How Promoted Pins Will Drive the Next E-commerce Revolution
Promoted Pins, Pinterest’s native ad format that launched in the US last January, have recently launched in the UK and, as Tim Page (pictured below), vice president, revenue, Adaptly, tells ExchangeWire, they could be set to transform retail through social media.
With the arrival of Promoted Pins in April in the UK, Pinterest stand poised to transform e-commerce, having created a unique environment where ads are interwoven into the organic service without interrupting the user’s experience.
Promoted Pins, a paid-for ad format that enables businesses to reach more people who may be interested in their products or services, became available to all US businesses in early 2016. Promoted Pins can be targeted based on gender, location and device, as well as keywords and interests.

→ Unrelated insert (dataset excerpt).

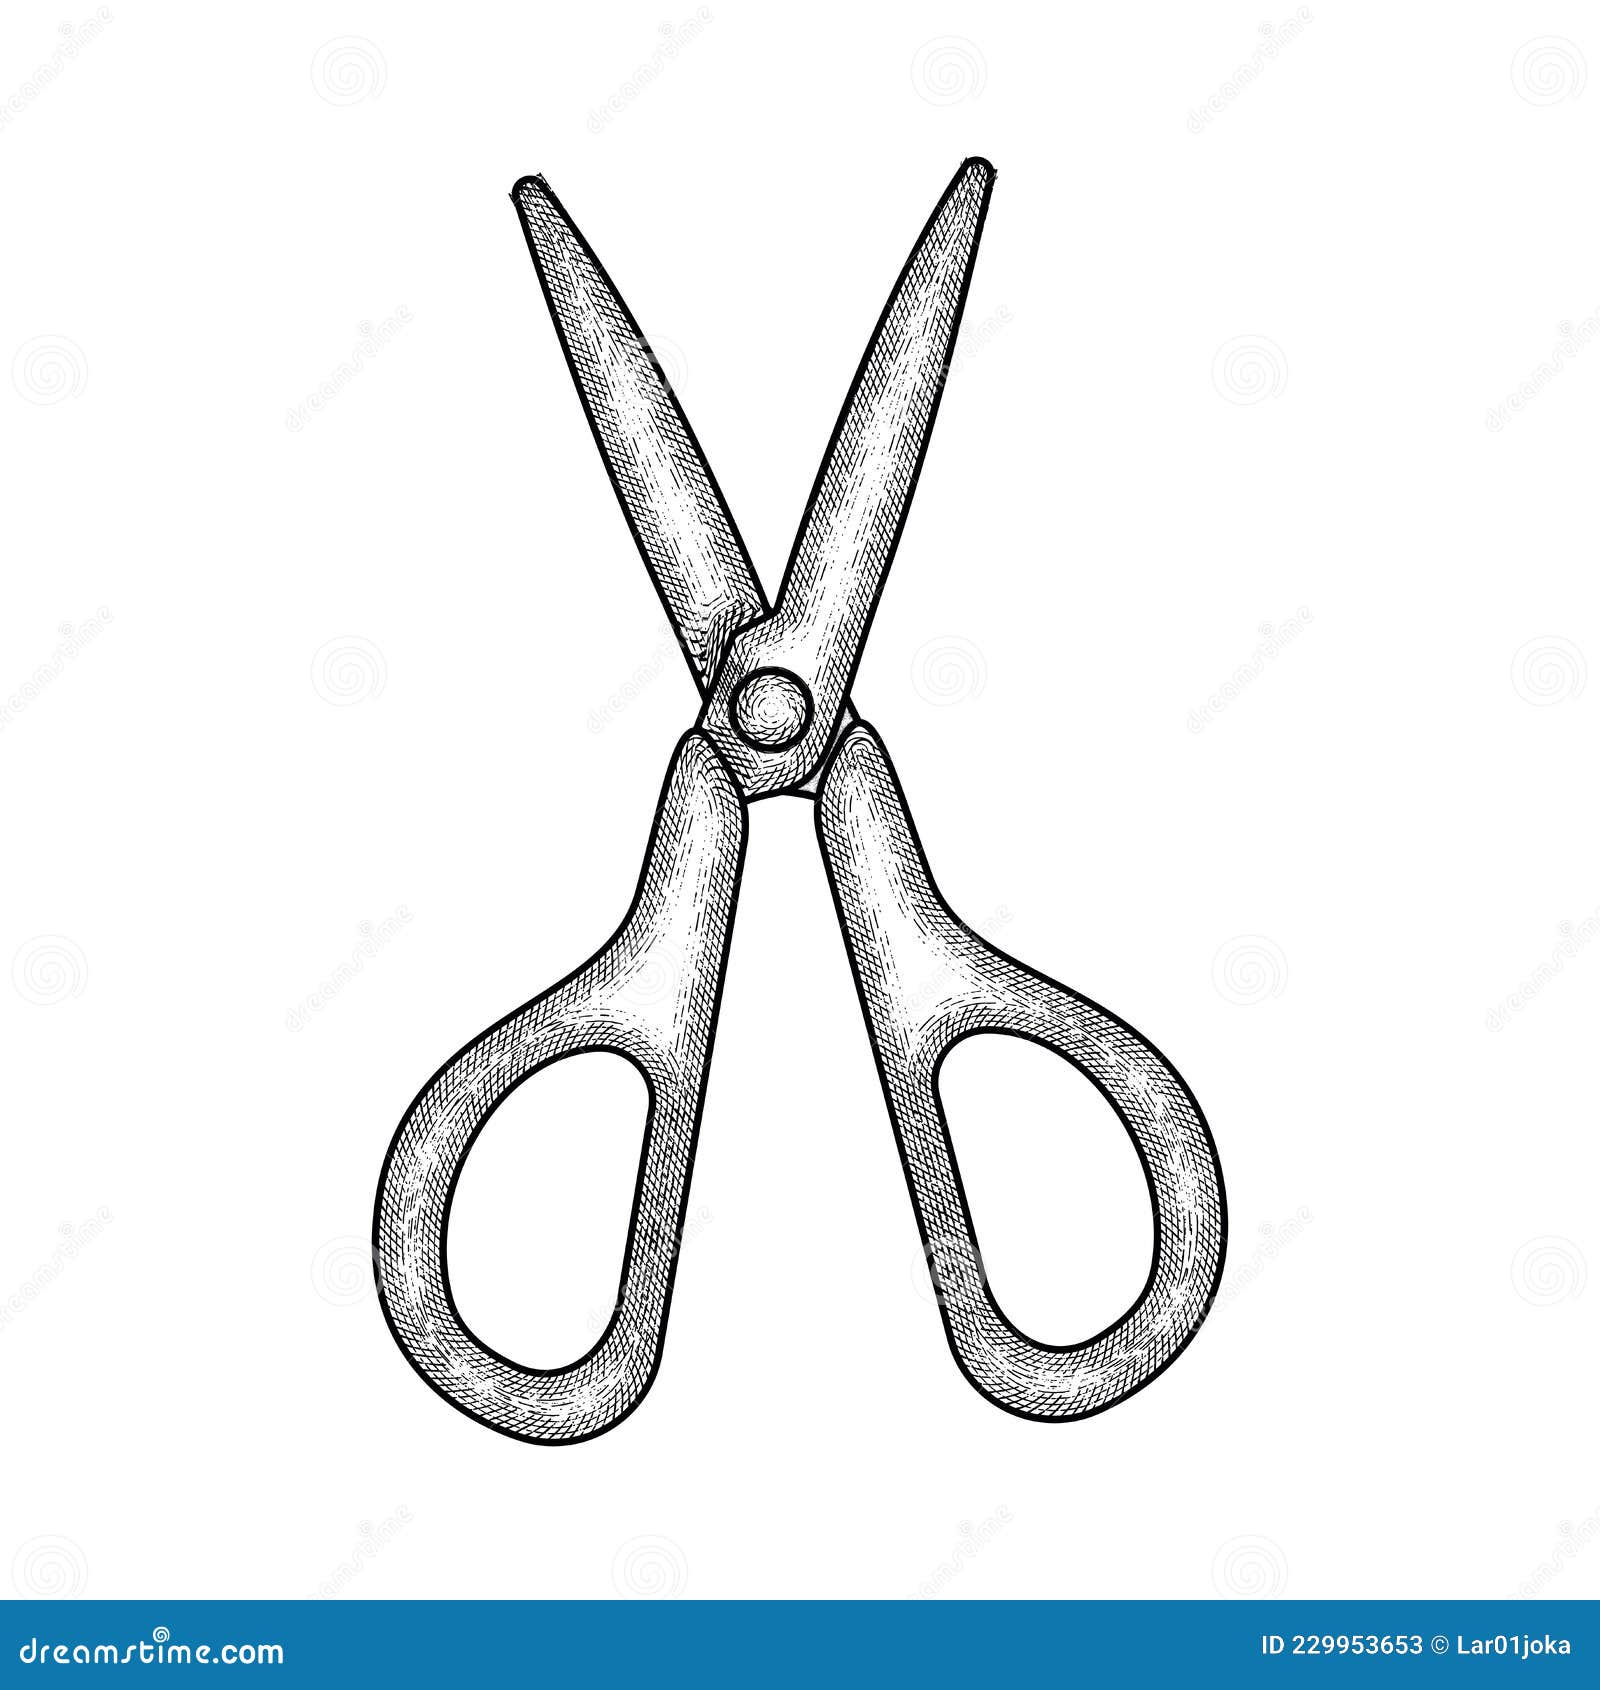 https://thumbs.dreamstime.com/z/isolated-vintage-sketch-scissors-school-supply-icon-vector-229953653.jpg

Rapid growth of paid advertising within social environments is nothing new. With a total investment of USD$13.4bn (£9.2bn) in the US, 2016 saw social ad spend pip banner ad spend for the first time. By 2017, eMarketer predicts social network ad spend will reach USD$35.98bn (£24.6bn) globally. Half of Pinterest’s users are outside of the US, where two-thirds of new sign-ups occur. As part of the company’s focus on international growth, Pinterest plan to open their advertising offering to additional English-speaking countries later this year.
Although relatively new to the table, Pinterest’s potential to disrupt e-commerce lies in the unique way consumers engage with the platform. If ever there were a digital environment where consumers go to plan for their future – be that major life events (like weddings, renovations, or holidays) or wish-list purchases – Pinterest provide it. It’s incredibly easy for consumers to save images or content from Pinterest, or anywhere on the web, and organise it into customisable categories. Marketers, then, can align advertising with users’ inspiration, based on the topics they’re researching and content they’re saving – arguably the most accurate indicator of purchase intent behind paid search.
As a result, sensibly targeted Promoted Pins, designed to be useful, helpful, and inspirational, sit seamlessly in the organic content, providing a completely native advertising experience. Small wonder, then, that the ‘hide rate’ of Promoted Pins in the US is 90% lower than the hide rate of other digital ad formats, according to one recent report. In fact, Pinners will save Promoted Pins they find interesting, driving earned media value and increasing ROI long after promoted campaigns have finished. This is consistent with what we’ve seen across our clients: Pins that have been saved, or re-pinned, often yield the highest engagement rates.
One challenge facing marketers is how to measure Pinterest’s contribution to ROI. As if attribution across existing digital channels wasn’t complicated enough, due consideration must be given to an environment where the initial inspiration for a purchase could manifest some weeks, or months, before any final transaction occurs. Applying conventional measurement models risks throwing the baby out with the bathwater.
Measurement considerations aside, Pinterest are already boosting direct e-commerce sales by reducing the number of steps to purchase. Since June 2015, it’s offered Buyable Pins in the US and UK: a slick piece of functionality that enables Pinterest users to buy products directly from brands in one click. It’s a small step towards having entire virtual stores on a platform where purchase intent is a primary driver of consumer behaviour.
In the drive to continually optimise and balance the value exchange between consumer, brand, and platform, the pressure is on retailers to simplify discovery and purchase. Against this fast-moving backdrop, the brands best able to translate their value across emerging social platforms will be best placed to ride e-commerce’s next evolutionary wave.